Evan reached the grave of his father and his much-loved sister, Glenys. He laid his hand on the marble stone. In his eyes she had never aged. To him she was always ten years old. It was hard to accept that his father had been younger than Evan was now when he’d died. They’d now been joined by his mother. ‘Reunited,’ Evan had put on the headstone, and he prayed that it was the case. It was the last time he’d come back to the village; to attend Megan’s funeral. His mother had never regained the will to live after the loss of her husband and her daughter and had simply taken her time to fade away. Who could survive after that? From that day she was as lifeless, as dead as the loved ones she’d buried.
He looked out over the magnificent valley—shrouded in mist today as then—the tiny, proud houses hugging its contours and his soul filled with sadness. At the age of eleven, after enduring three years of hearing his mother cry at night, even though she had boxes and boxes of unopened antidepressants in the bathroom cabinet, and too many nights lying in his bed alone wishing instead that he was lying in the earth with his da and with Glenys, he’d tried in his own way to cheer her up after she’d taken to her bed with a headach
e, to try in some small way to bring some happiness back to the house. He could bear the oppressive quiet no longer, so he’d stood in the sitting room and sang ‘Oh Pure Heart’—his mother’s favourite song. In the months of enforced silence something strange had happened to his voice, and it was his father’s rich tone that leaped forth from his throat. Megan David had careened down the stairs, swinging him round by his arm as she lashed out at his head in a frenzy. ‘Never ever do that again, Evan. Never,’ she said, and then collapsed sobbing on the floor.
A month later, without her ever looking him in the eye again, he’d been sent away without consultation to a school that had specialised in music at Oxford. Which was far enough away for him not to be able to go home regularly. After not being allowed to sing a note at home for all that time, Evan still wondered how he’d managed to gain one of the coveted scholarship places. Perhaps his da or Glenys were still protecting him and knew that he had to be taken away from that terrible place. This time he knew that the fault didn’t lie with him.
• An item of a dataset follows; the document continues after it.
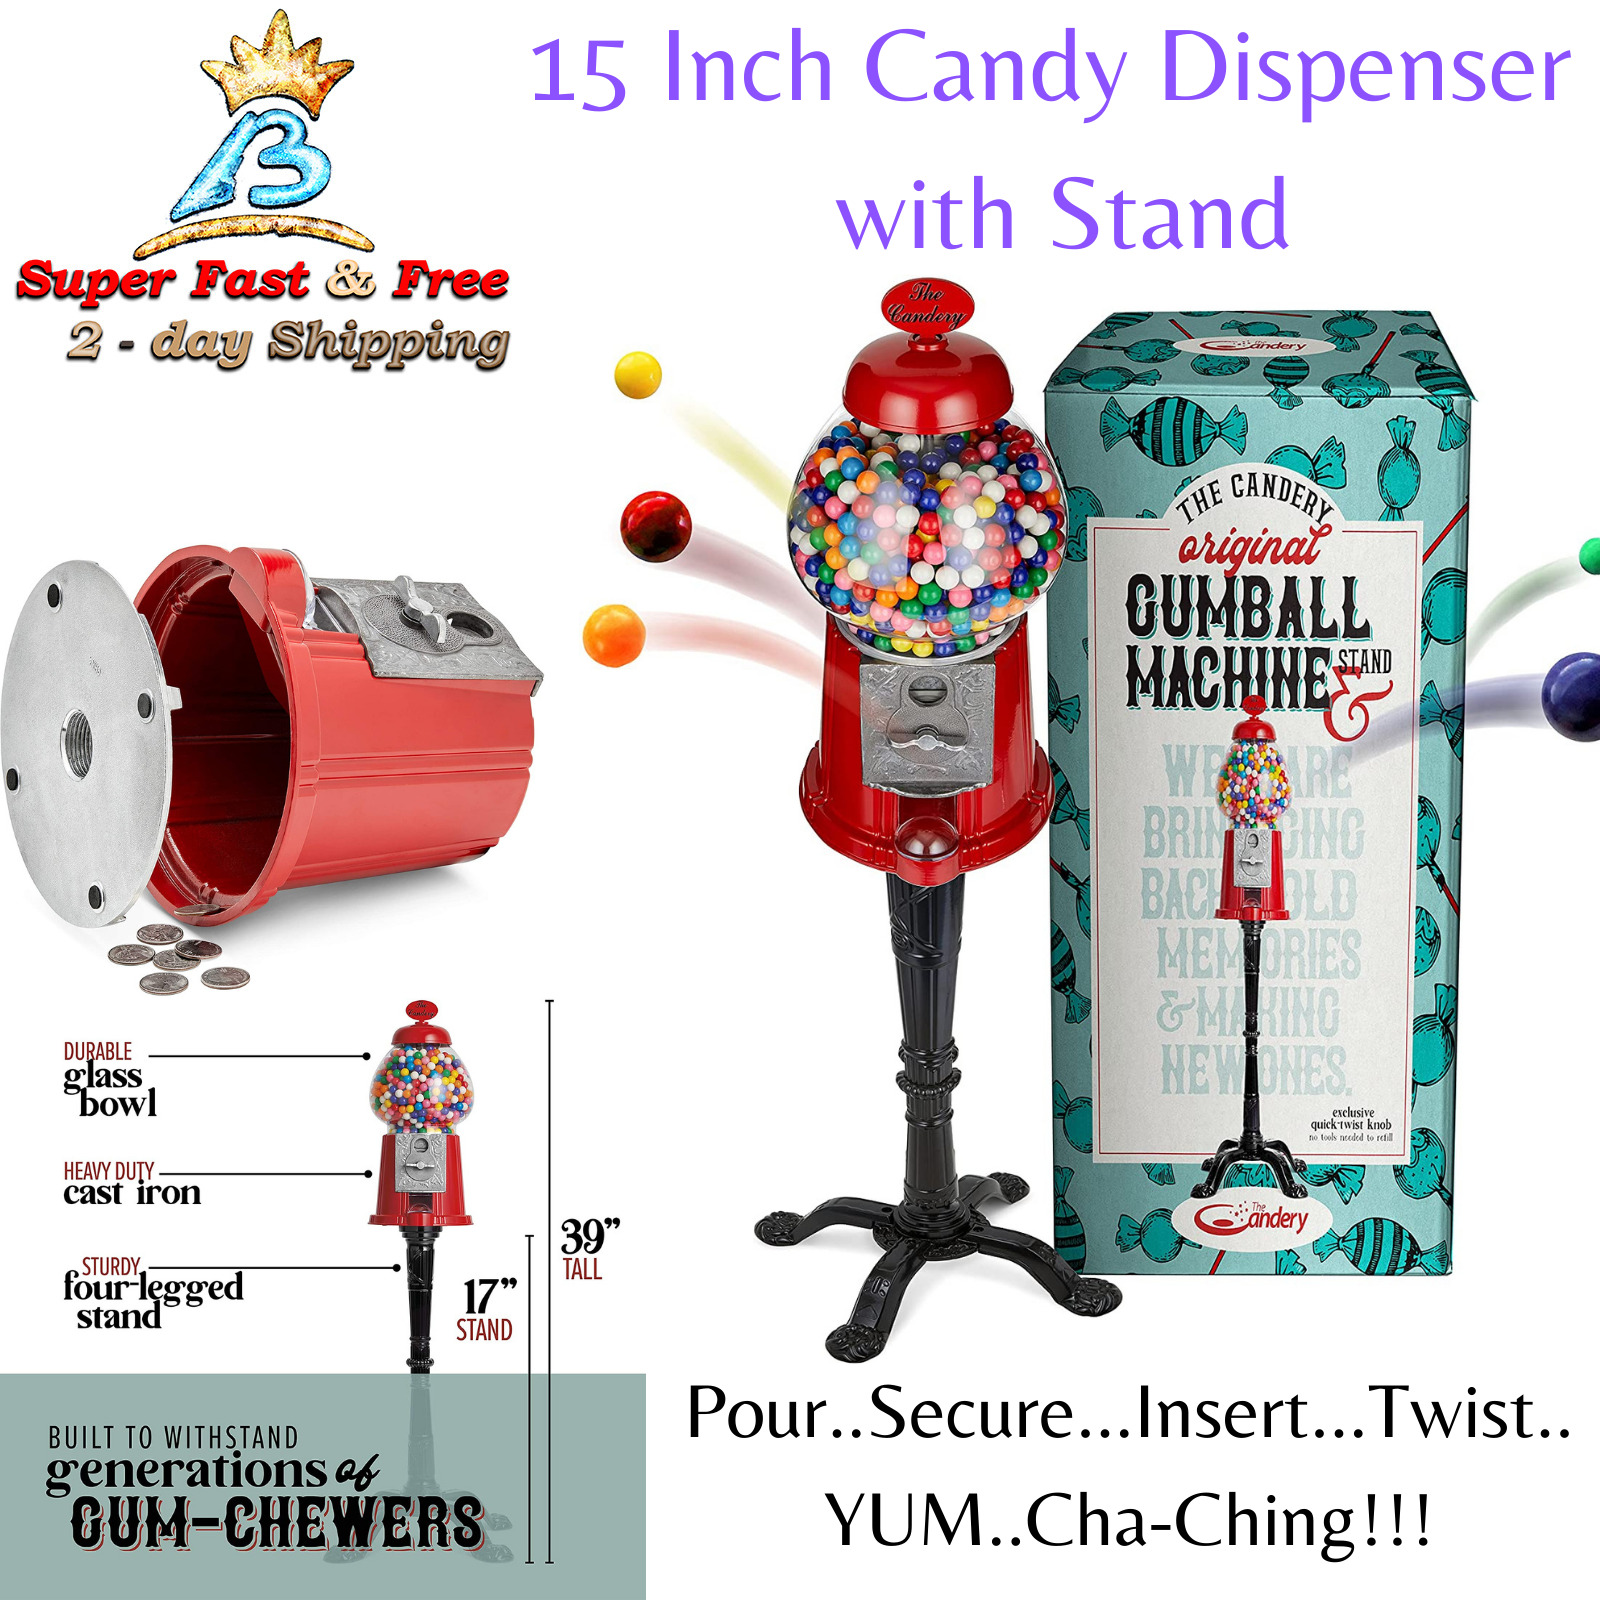 Classic Candy Dispenser With Stand Easy Twist-Off Refill Free or Coin Operated

He could understand his mother’s agony, but he’d never been able to address it with her. Why hadn’t she been able to find succour in her one surviving son? Megan had never rejoiced in his success; never watched him on television; never listened to his recordings. She’d been embarrassed by his stardom, so he’d stopped returning home to face her torment. To his mother he would always sound too much like his father, and nothing he could do would ever help her to bear that pain. Evan had never been reconciled with her, and she died with too many unspoken issues lying unresolved between them. Too many other mothers had also joined their husbands and their children in their graves prematurely. It was heartbreaking to see. There were always fresh flowers on the Davids’ family graves—Evan paid the mother of Rhys Williams, monthly by direct debit, to maintain it perfectly as she did her own husband and son’s memorial. And it very nearly helped to assuage Evan’s conscience.